# [TASK REQUIREMENTS]
Would you reproduce each line below exactly, leaving every picture out?

# [INFORMATION SUPPLIED]
^^^^

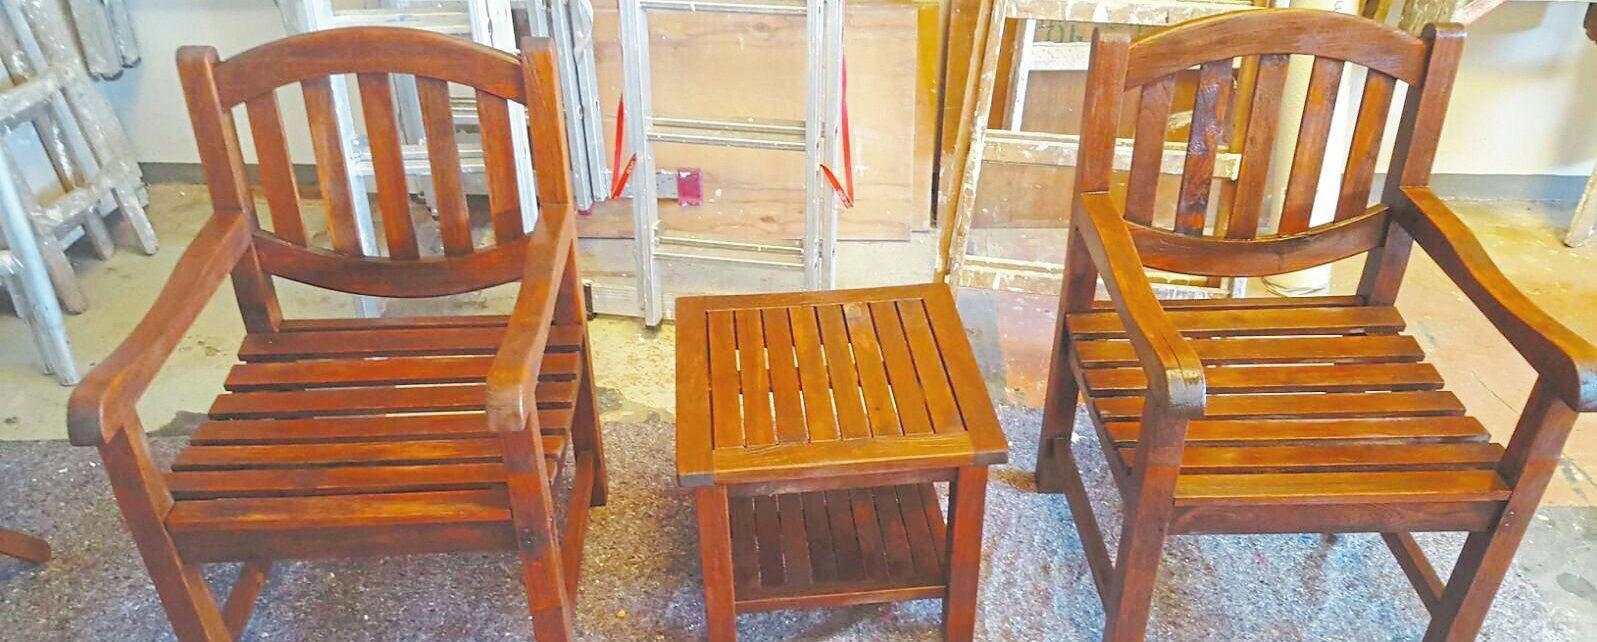 Der Malerbetrieb Pörtzel arbeitet vergraute Gartenmöbel wieder auf.
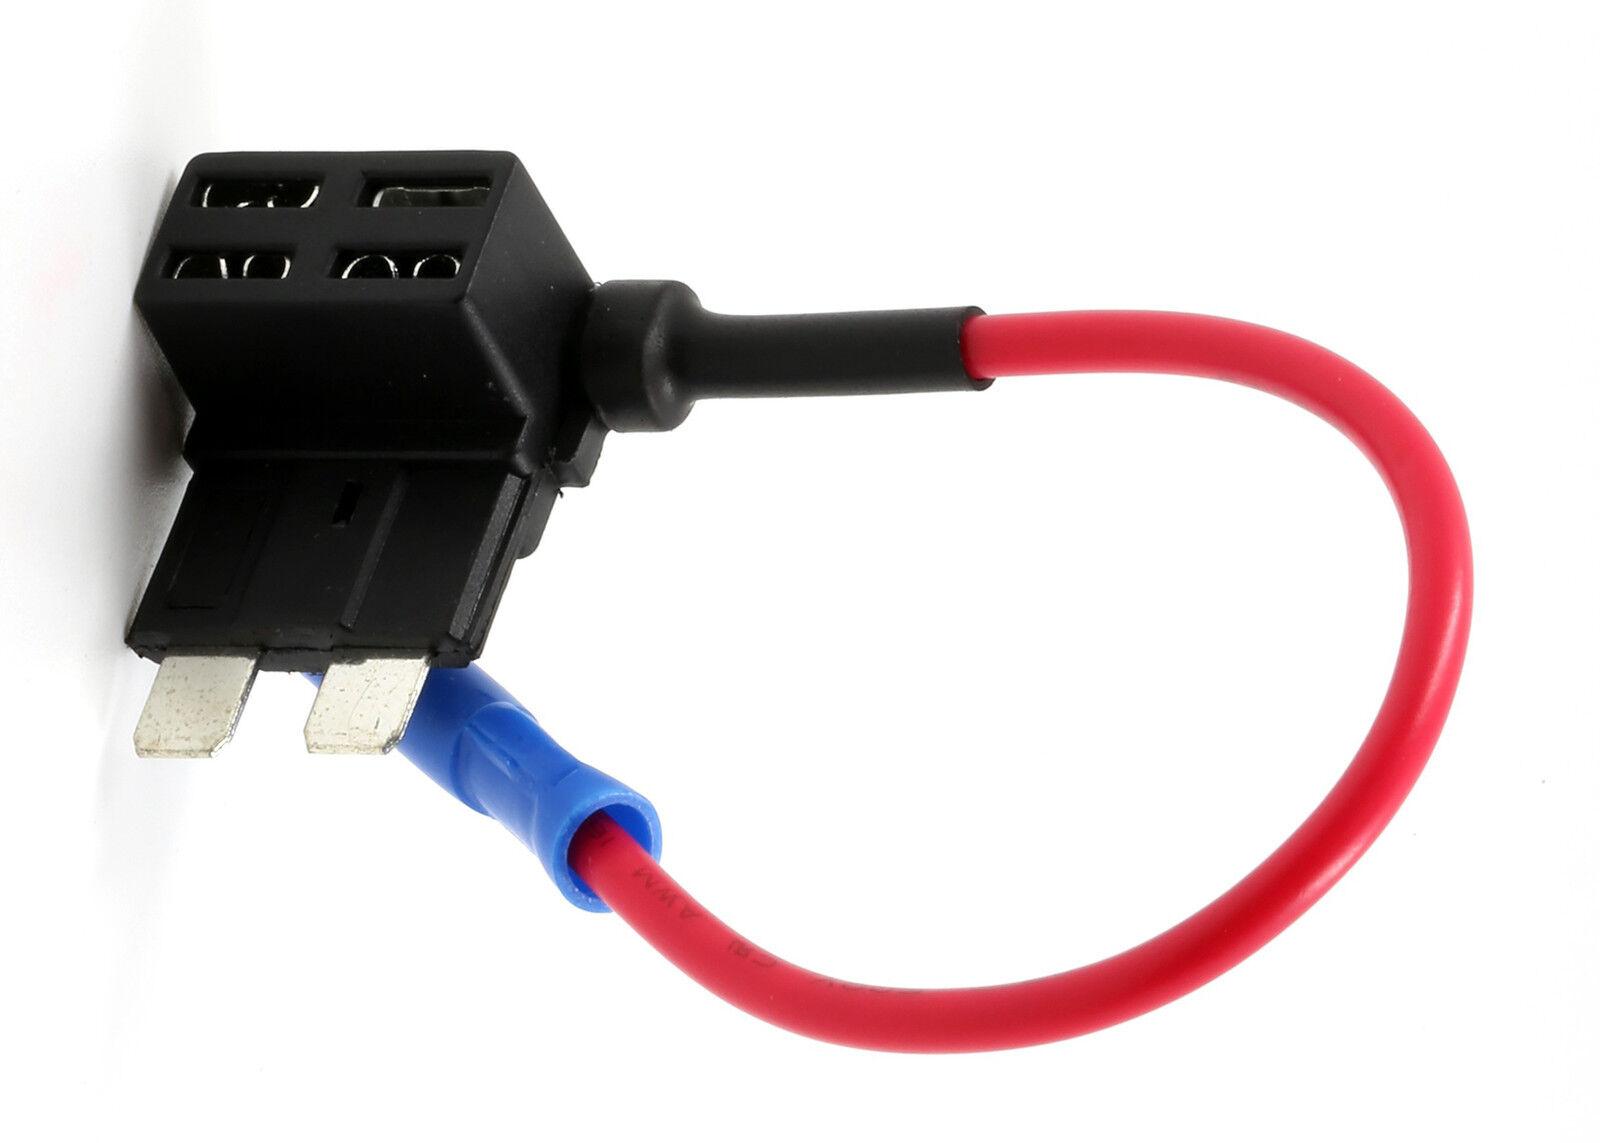 Fuse Tap Regular Ato Atc Apr W 5a Add A Circuit Dash Cam Radar Diy Atm Addafuse Addacircuit 4 Fuses For Mini Blade Style Car Ebay
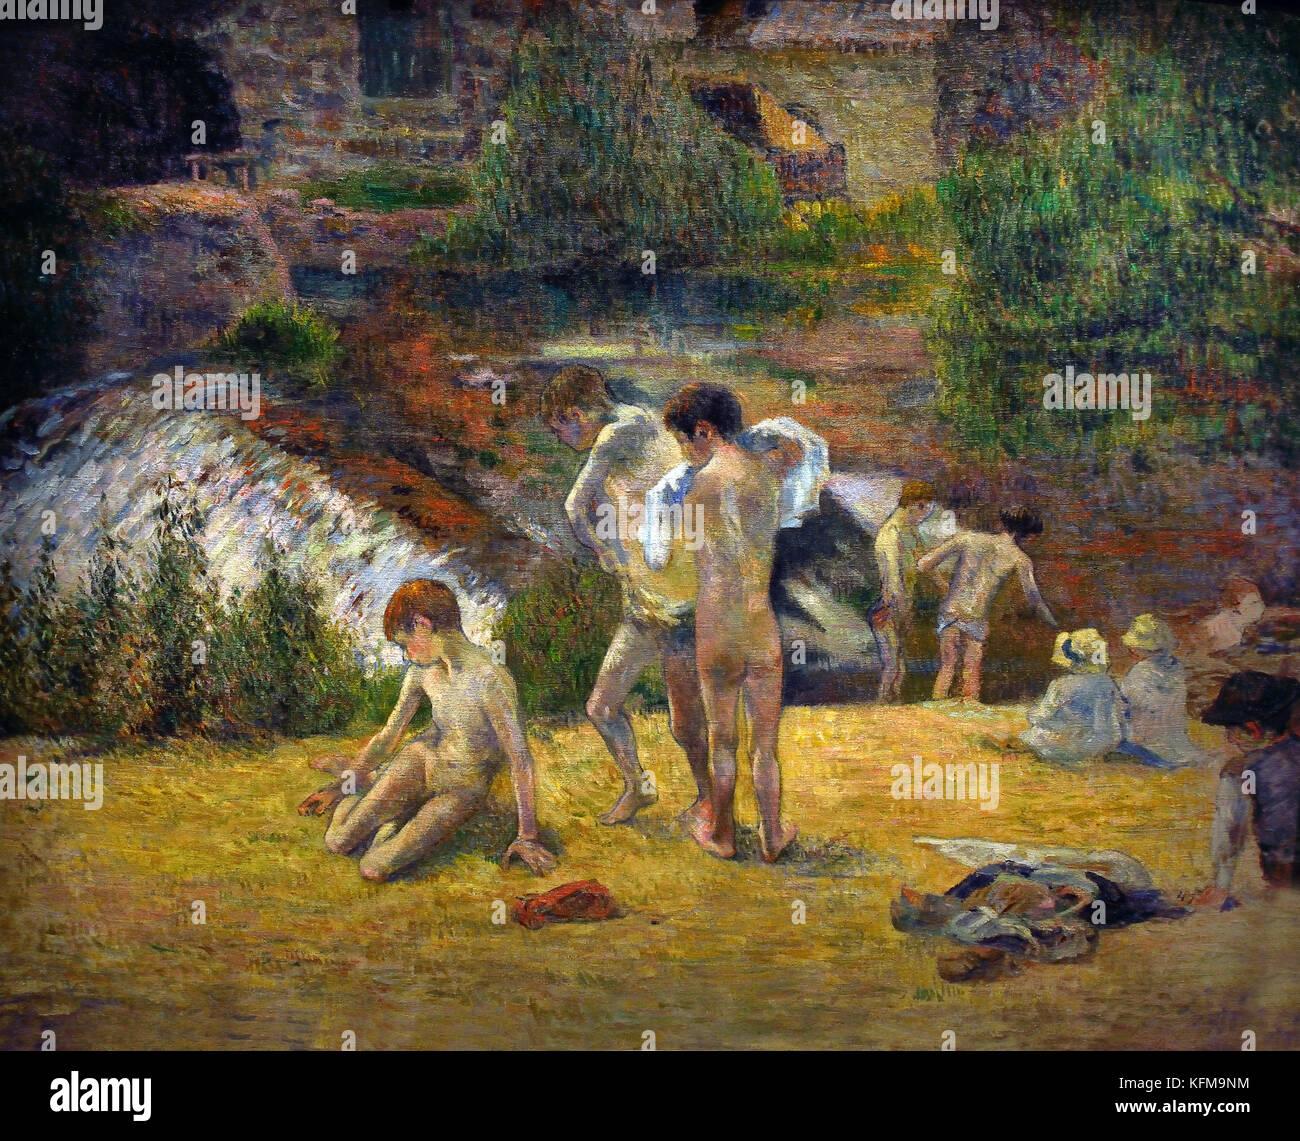 La Baignade au Moulin du bois D'Amour  Bathing ât thé Moulin du Bois D'Amour 1886 1886 Paul Gauguin - Stock Image
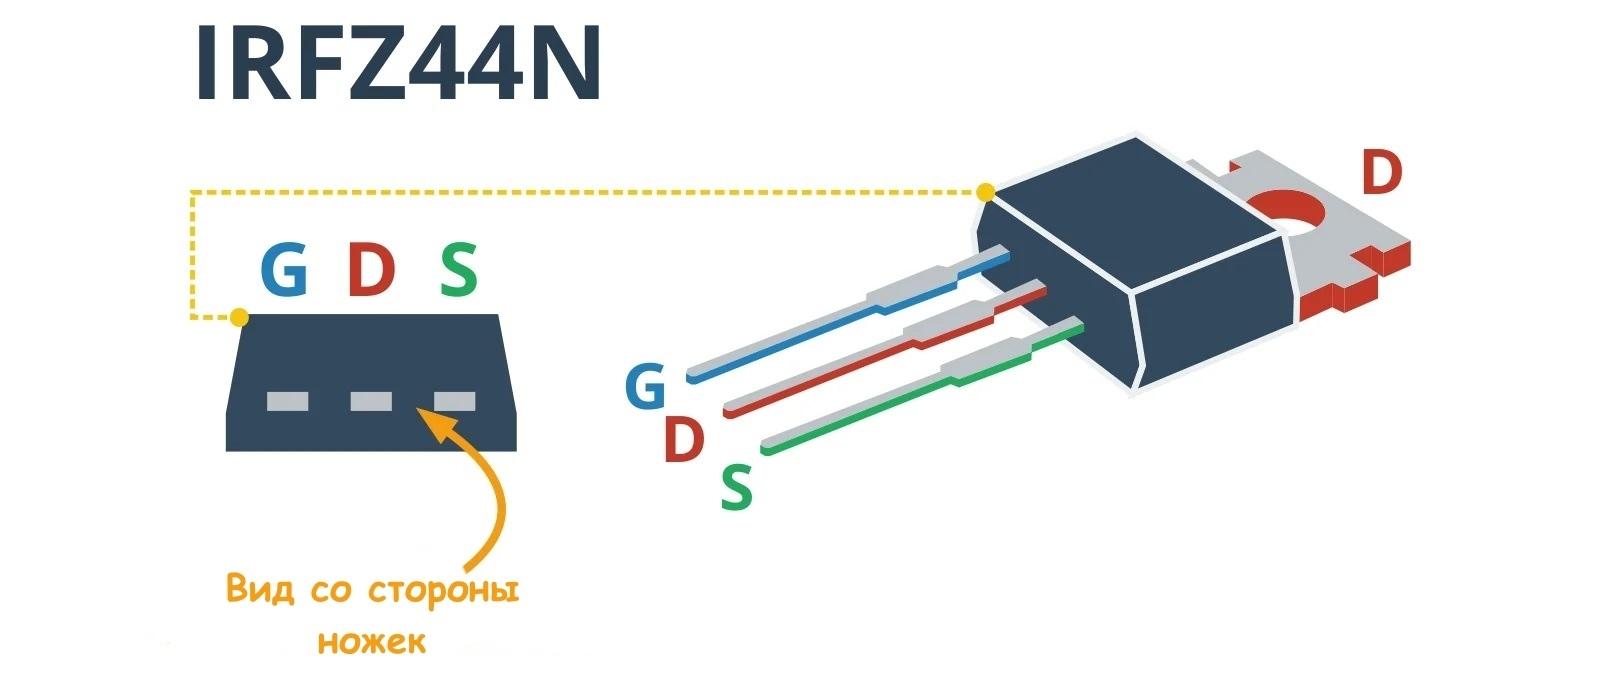 Описание выводов транзистора IRFZ44N

^^^^

# [SOLUTION TO THIS EXERCISE]
 Der Malerbetrieb Pörtzel arbeitet vergraute Gartenmöbel wieder auf.
 Fuse Tap Regular Ato Atc Apr W 5a Add A Circuit Dash Cam Radar Diy Atm Addafuse Addacircuit 4 Fuses For Mini Blade Style Car Ebay
 La Baignade au Moulin du bois D'Amour  Bathing ât thé Moulin du Bois D'Amour 1886 1886 Paul Gauguin - Stock Image
 Описание выводов транзистора IRFZ44N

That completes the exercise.